70B model (~42 GB): ✗ Too large

Building It: The Step-by-Step Journey

Now let’s build this agent incrementally using a single file that grows with each step. We’ll build exactly what’s in examples/hardware_advisor_agent.py by adding functionality progressively.
Building Strategy: You’ll create ONE file called hardware_advisor.py and progressively add features to it. Each step builds on the previous one, and by Step 6 you’ll have code that matches the example exactly.

Step 1: Agent Skeleton

Start by creating the file with a minimal agent structure—just the class and a basic system prompt. This creates the foundation, but the agent has no tools yet and cannot answer queries.

Implementation

hardware_advisor.py
from gaia import Agent
from gaia.llm.lemonade_client import LemonadeClient


class HardwareAdvisorAgent(Agent):
    """Agent that advises on LLM capabilities based on your hardware."""

    def __init__(self, **kwargs):
        self.client = LemonadeClient(keep_alive=True)
        super().__init__(**kwargs)

    def _get_system_prompt(self) -> str:
        return "You are a hardware advisor for running local LLMs on AMD systems."

    def _register_tools(self):
        # Tools will be added in the next steps
        pass


if __name__ == "__main__":
    agent = HardwareAdvisorAgent()
    print("Agent created successfully!")
Formatting Note: When pasting code, ensure proper Python indentation (4 spaces for class/function bodies). Use an IDE with Python support to avoid alignment issues.

Running It

uv run hardware_advisor.py
Expected output:
Agent created successfully!

Progress Check

  • ✓ Basic agent structure
  • ✓ LemonadeClient connection
  • ✓ Minimal system prompt
  • ✗ GPU detection helper (_get_gpu_info())
  • ✗ Hardware detection tool (get_hardware_info())
  • ✗ Model catalog tool (list_available_models())
  • ✗ Smart recommendations tool (recommend_models())
  • ✗ Interactive CLI
Don’t try to query this agent yet! It has no tools, so it cannot check hardware or recommend models. Continue to Step 2 to add GPU detection and hardware tools.

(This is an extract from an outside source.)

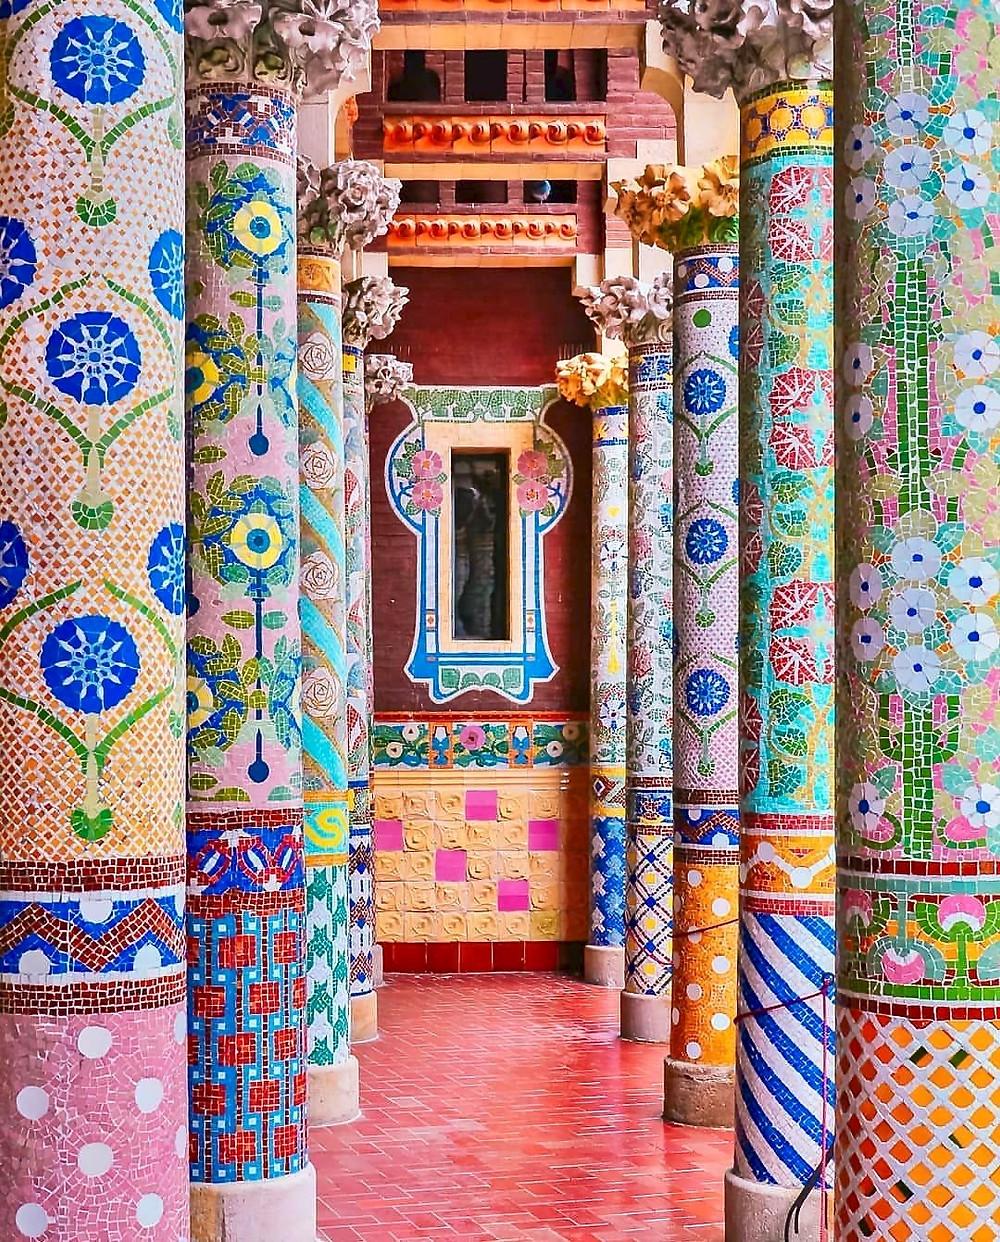 mosaic columns of Palau de la Musica

Step 2: GPU & Hardware Detection

Add the _get_gpu_info() helper method and the full get_hardware_info() tool with GPU object, NPU object, and OS field. This makes the agent interactive—you can now query it about system specs!

Implementation

First, update the imports at the top of the file:
from typing import Any, Dict

from gaia import Agent, tool
from gaia.llm.lemonade_client import LemonadeClient
Add the _get_gpu_info() helper after the _get_system_prompt() method:
def _get_gpu_info(self) -> Dict[str, Any]:
    """Detect GPU using OS-native commands."""
    import platform
    import subprocess

    system = platform.system()

    try:
        if system == "Windows":
            # Use PowerShell Get-WmiObject (wmic is deprecated on Windows 11)
            ps_command = (
                "Get-WmiObject Win32_VideoController | "
                "Select-Object Name,AdapterRAM | "
                "ConvertTo-Csv -NoTypeInformation"
            )
            result = subprocess.run(
                ["powershell", "-Command", ps_command],
                capture_output=True,
                text=True,
                timeout=5,
            )
            if result.returncode == 0:
                lines = [
                    l.strip()
                    for l in result.stdout.strip().split("\n")
                    if l.strip()
                ]
                # CSV format: "Name","AdapterRAM"
                for line in lines[1:]:  # Skip header
                    # Remove quotes and split
                    line = line.replace('"', "")
                    parts = line.split(",")
                    if len(parts) >= 2:
                        try:
                            name = parts[0].strip()
                            adapter_ram = (
                                int(parts[1]) if parts[1].strip().isdigit() else 0
                            )
                            if name and len(name) > 0:
                                return {
                                    "name": name,
                                    "memory_mb": (
                                        adapter_ram // (1024 * 1024)
                                        if adapter_ram > 0
                                        else 0
                                    ),
                                }
                        except (ValueError, IndexError):
                            continue

        elif system == "Linux":
            # Use lspci to find VGA devices
            result = subprocess.run(
                ["lspci"], capture_output=True, text=True, timeout=5
            )
            if result.returncode == 0:
                for line in result.stdout.split("\n"):
                    if "VGA compatible controller" in line:
                        # Extract GPU name after the colon
                        parts = line.split(":", 2)
                        if len(parts) >= 3:
                            return {
                                "name": parts[2].strip(),
                                "memory_mb": 0,  # Memory not available via lspci
                            }

    except Exception as e:
        # Debug output
        print(f"GPU detection error: {e}")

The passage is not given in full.